CRASH and HANG attaching on AMD processors
While regular DR operation seems to work fine on AMD processors, attach runs into strange problems which stem from to-be-attached threads taking on the gs base of the master thread, causing all kinds of confusion in the signal handler for the SIGUSR2 sent to take them over:
$ ./api.startstop
<Starting application api.startstop (129458)>
<unable to determine lib path for cross-arch execve>
<Initial options = -stack_size 56K -signal_stack_size 32K -max_elide_jmp 0 -max_elide_call 0 -no_inline_ignored_syscalls -native_exec_default_list '' -no_native_exec_managed_code -no_indcall2direct >
<(1+x) Handling our fault in a TRY at 0x0000000000658809>
in dr_client_main
retakeover for cur-native thread 129458
TAKEOVER: 10 threads to take over
For master thread tid=129458, 0=>gs base 0x00000000528af000
TAKEOVER: publishing takeover records
TAKEOVER: will signal thread 129459
TAKEOVER: will signal thread 129460
TAKEOVER: will signal thread 129461
TAKEOVER: will signal thread 129462
TAKEOVER: will signal thread 129463
TAKEOVER: will signal thread 129464
TAKEOVER: will signal thread 129465
TAKEOVER: will signal thread 129466
TAKEOVER: will signal thread 129467
TAKEOVER: will signal thread 129468
For SIGUSR2 in tid=129459, 0=>gs base is 0x00000000528af000
For SIGUSR2 in tid=129467, 0=>gs base is 0x00000000554d3000
For SIGUSR2 in tid=129461, 0=>gs base is 0x0000000055512000
For SIGUSR2 in tid=129464, 0=>gs base is 0x0000000055512000
For SIGUSR2 in tid=129462, 0=>gs base is 0x00000000554a4000
For SIGUSR2 in tid=129460, 0=>gs base is 0x0000000000000000
TAKEOVER: received signal in thread 129467
TAKEOVER: received signal in thread 129464
For SIGUSR2 in tid=129466, 0=>gs base is 0x00000000554a4000
For SIGUSR2 in tid=129465, 0=>gs base is 0x0000000055512000
For SIGUSR2 in tid=129463, 0=>gs base is 0x0000000000000000
<For SIGUSR2 in tid=129459, clearing instead of 129458's; res=0>
TAKEOVER: received signal in thread 129459
TAKEOVER: received signal in thread 129466
TAKEOVER: received signal in thread 129465
TAKEOVER: received signal in thread 129463
For SIGUSR2 in tid=129468, 0=>gs base is 0x0000000000000000
TAKEOVER: received signal in thread 129461
TAKEOVER: received signal in thread 129468
TAKEOVER: received signal in thread 129460
TAKEOVER: received signal in thread 129462
<Application api.startstop (129458). Internal Error: DynamoRIO debug check failure: dr/git/src/core/unix/os.c:1981 !is_thread_tls_initialized()
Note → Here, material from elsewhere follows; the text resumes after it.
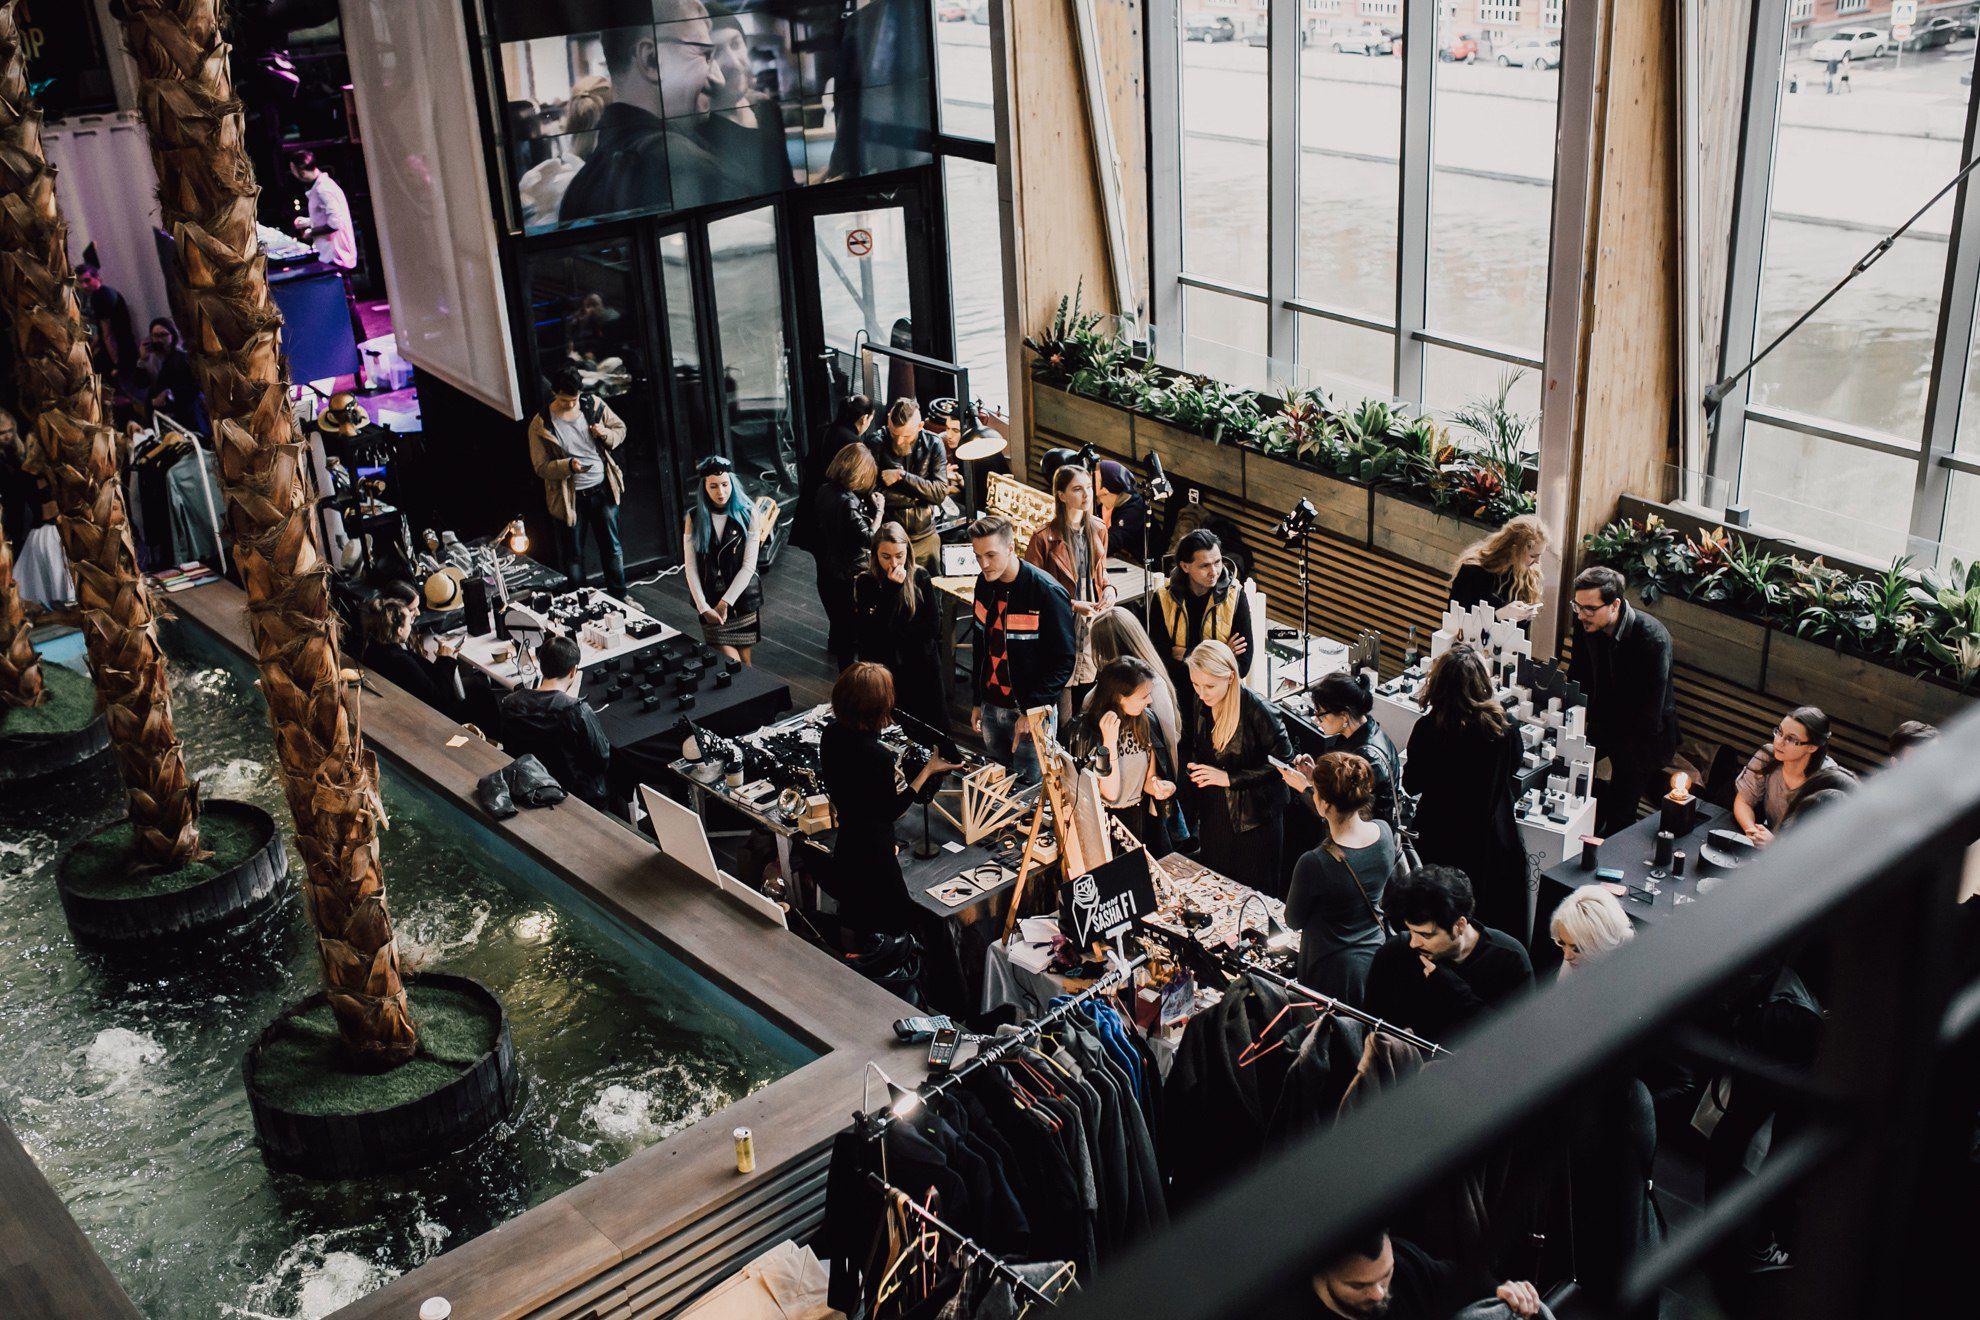 Фестиваль альтернативной моды и дизайна Concept Market фото 4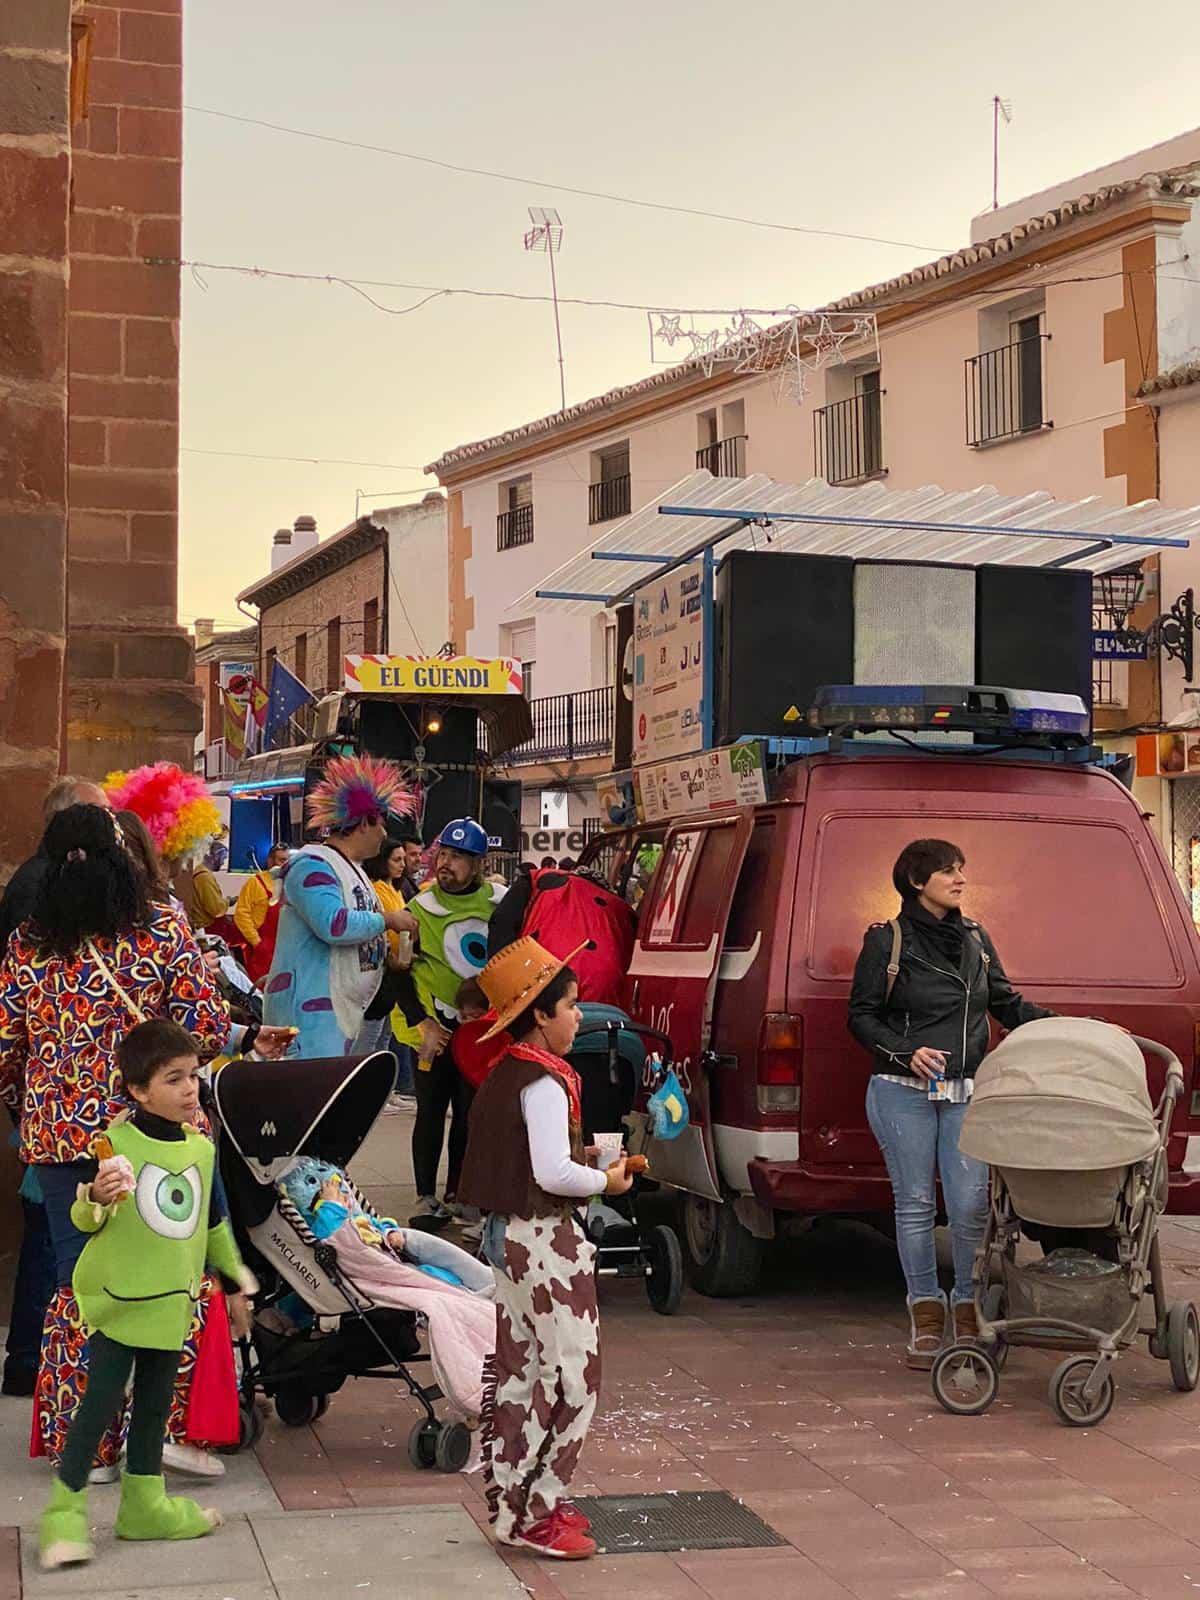 Carnaval herencia 2020 pasacalles domingo deseosas 51 - El Domingo de las Deseosas invita a todo el mundo al Carnaval de Herencia

(Error occurred @14 frags)
version 7.0.17906, custom build
-stack_size 56K -signal_stack_size 32K -max_elide_jmp 0 -max_elide_call 0 -no_inline_ignored_syscalls -native_exec_default_list '' -no_native_exec_managed_code -no_indcall2direct >
This reproduces every time.
Other experiments show that on AMD, the gs base as read by arch_prctl is a bogus non-zero value at process startup, while on Intel processors it's always 0.
In our signal handler, on receiving SIGUSR2, when dcontext is NULL or when dcontext->owning_thread
doesn't match get_sys_thread_id()
, setting the gs base to any non-zero value fixes the problem. Setting it to zero does not fix the problem.
It seems like there's a problem where the kernel fails to clear gs base on a context switch: we set it in our master thread and it bleeds over into one or more of the threads we signal. However, I looked at the kernel context switch code and I do not yet see how it could happen. Plus, a simple app that sets gs base in one thread and switches to another thread does not exhibit the problem. I'm still trying to nail down a minimal reproducer without DR.